An AI action is any metered task an agent or embedded feature performs, and Oracle rates each one in its Fusion AI Unit Actions Table. The point is that not all actions cost the same. A simple lookup is cheap, a long document generation is not, and a multi step agent run stacks several actions together.
Because a single agent run can chain many actions, the meter rewards efficient design. An agent that retrieves once and writes once costs far less than one that loops. Design and model choice, together, set the real unit cost of a workflow.
Every Oracle Fusion Cloud customer receives 20,000 AI Units per month at no charge under the 26C model. That included allowance is enough to cover light, routine usage across the suite before you buy a single incremental unit. It is the reason many customers will see no AI line at all in the first months after upgrade.
Consumption above the monthly allowance is billed, and additional capacity is sold in packs. The packs behave differently from the free grant, and the difference matters for how you buy.
The allowance is per customer, not per user or per pillar, so it is one shared grant across your whole Fusion estate. A large enterprise and a mid market customer receive the same 20,000 units. For smaller estates that grant can cover most routine agentic work indefinitely. For large estates it is a starting credit that heavier usage will exceed.
Treat the free grant as the floor of your forecast, not the ceiling of your usage. Measure how fast real agentic adoption consumes it, then plan packs around the overage. The teams that track burn weekly in the first quarter after upgrade avoid both surprise overage and premature overbuying.
The Oracle AI Unit purchase model at a glance
| Layer | What it is | Price | What to watch |
|---|---|---|---|
| Free allowance | Included AI Units every Fusion Cloud customer gets | 20,000 per month, free | Use it or lose it, resets monthly |
| Incremental pack | Pooled AI Units bought beyond the allowance | About $1,000 per 100,000 units | Carries over in the service period, size to proven volume |
| Basic LLM actions | General actions on the GPT oss based tier | $0.00 in AI Units | Pin routine work here to protect the allowance |
Purchased packs carry over during the service period rather than resetting each month. That removes the pressure to consume on a monthly clock. It also means a pack sized to a peak month sits as unused capacity if your real burn is lower. Buy against demonstrated consumption, not a projected spike.
AI Agent Studio is included with your Oracle Fusion SaaS Cloud subscription at no additional license cost. It ships with a library of ready to use agent templates and the tooling to configure, extend, and orchestrate agents against your Fusion data.
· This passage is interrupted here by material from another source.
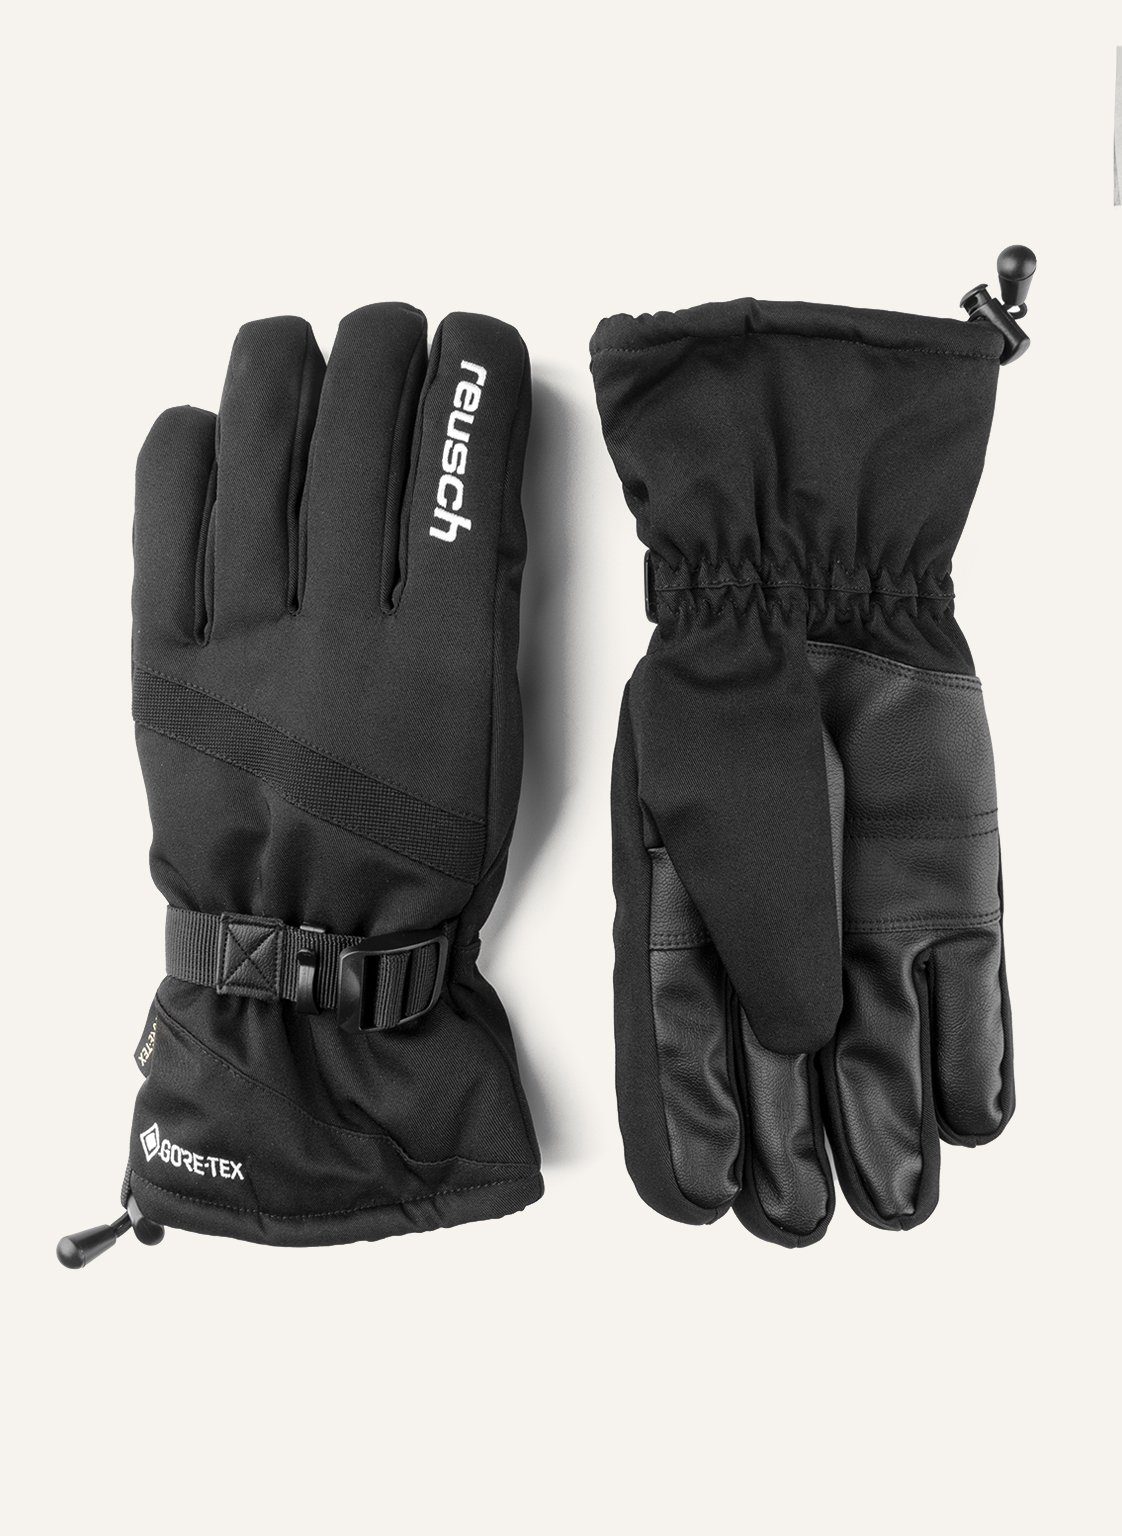 aus wasserdichtem Warm Glove Skihandschuhe atmungsaktivem Material Reusch Winter GORE-TEX und

Oracle introduced the studio as a retention play, and the studio itself is free. You can read the launch detail on the Oracle Fusion Insider blog. The cost is never the tool. It is the consumption the agents drive.
What is free is the studio and the templates. What is metered is the consumption those agents drive, denominated in AI Units, and what is separately licensed is production scale custom agent work. Keeping those three ideas distinct is the whole budgeting exercise.
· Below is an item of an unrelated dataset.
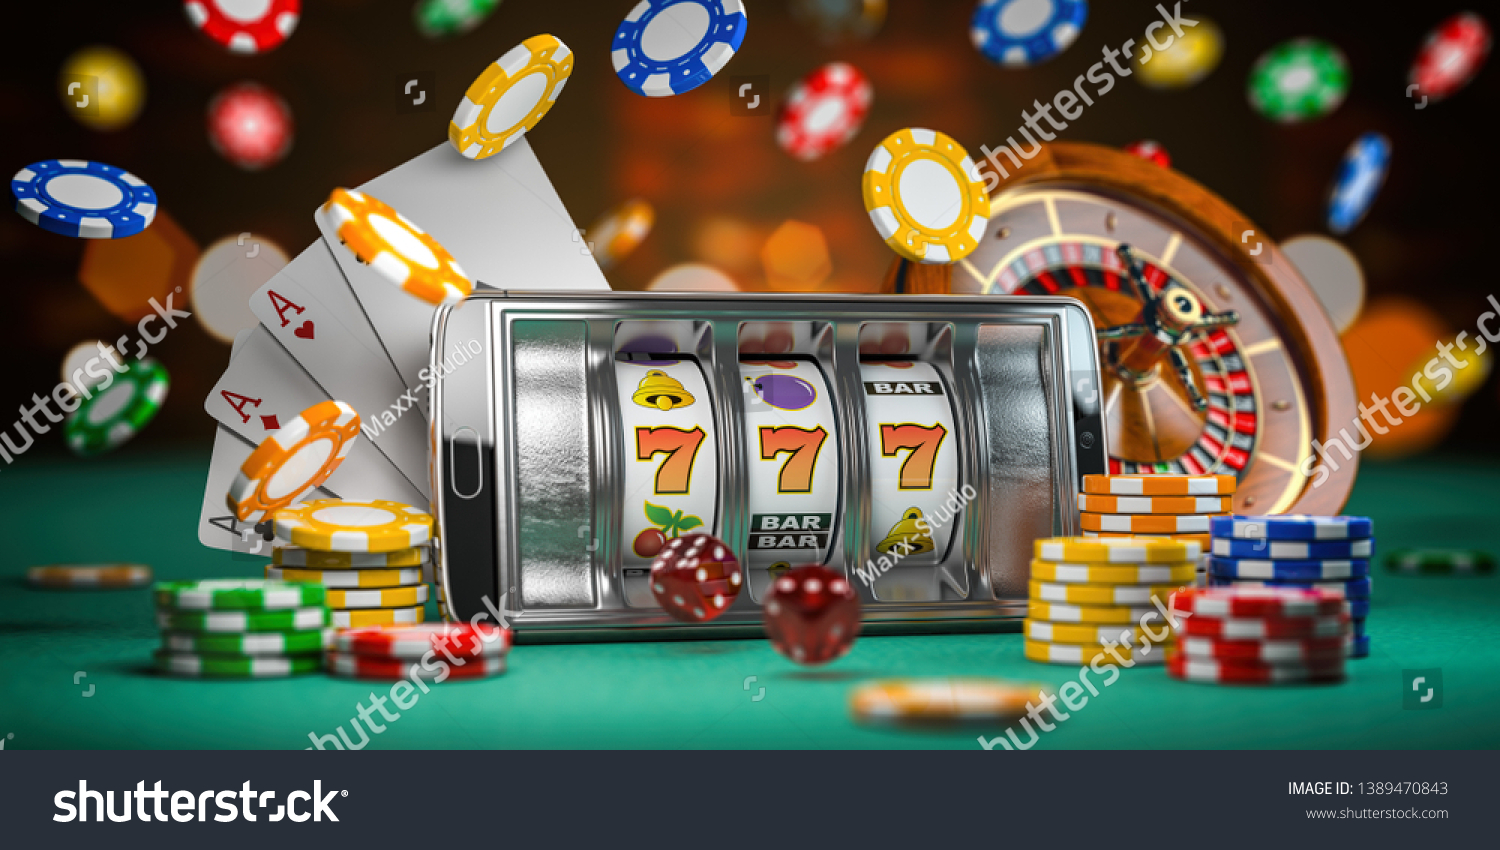 Online casino slots machine игровые казино слоты игровые автоматы бесплатно без регистрации

The full inventory, and the line between the free studio and the chargeable pieces, sits in the what AI Agent Studio includes guide.
You need a Custom AI Agent subscription when you move beyond configuring delivered agents into building and running custom agents at production scale. Oracle documents the boundary in its Custom AI Agent subscription documentation. The studio is free to use, but the entitlement to publish and operate custom agents is a separate subscription.
This is the seam where a proof of concept quietly becomes a licensed deployment. A team can prototype in the studio for free, then cross into subscription territory the moment the custom agent goes live. Knowing where that line sits protects your budget and your negotiation.
Keep prototyping and production separate, and know exactly which environment your custom agents run in. The subscription line is crossed by operating a custom agent at production scale, so an agent that graduates from a sandbox to a live business process is the event to watch. Governance around promotion, not the studio itself, is what protects the budget.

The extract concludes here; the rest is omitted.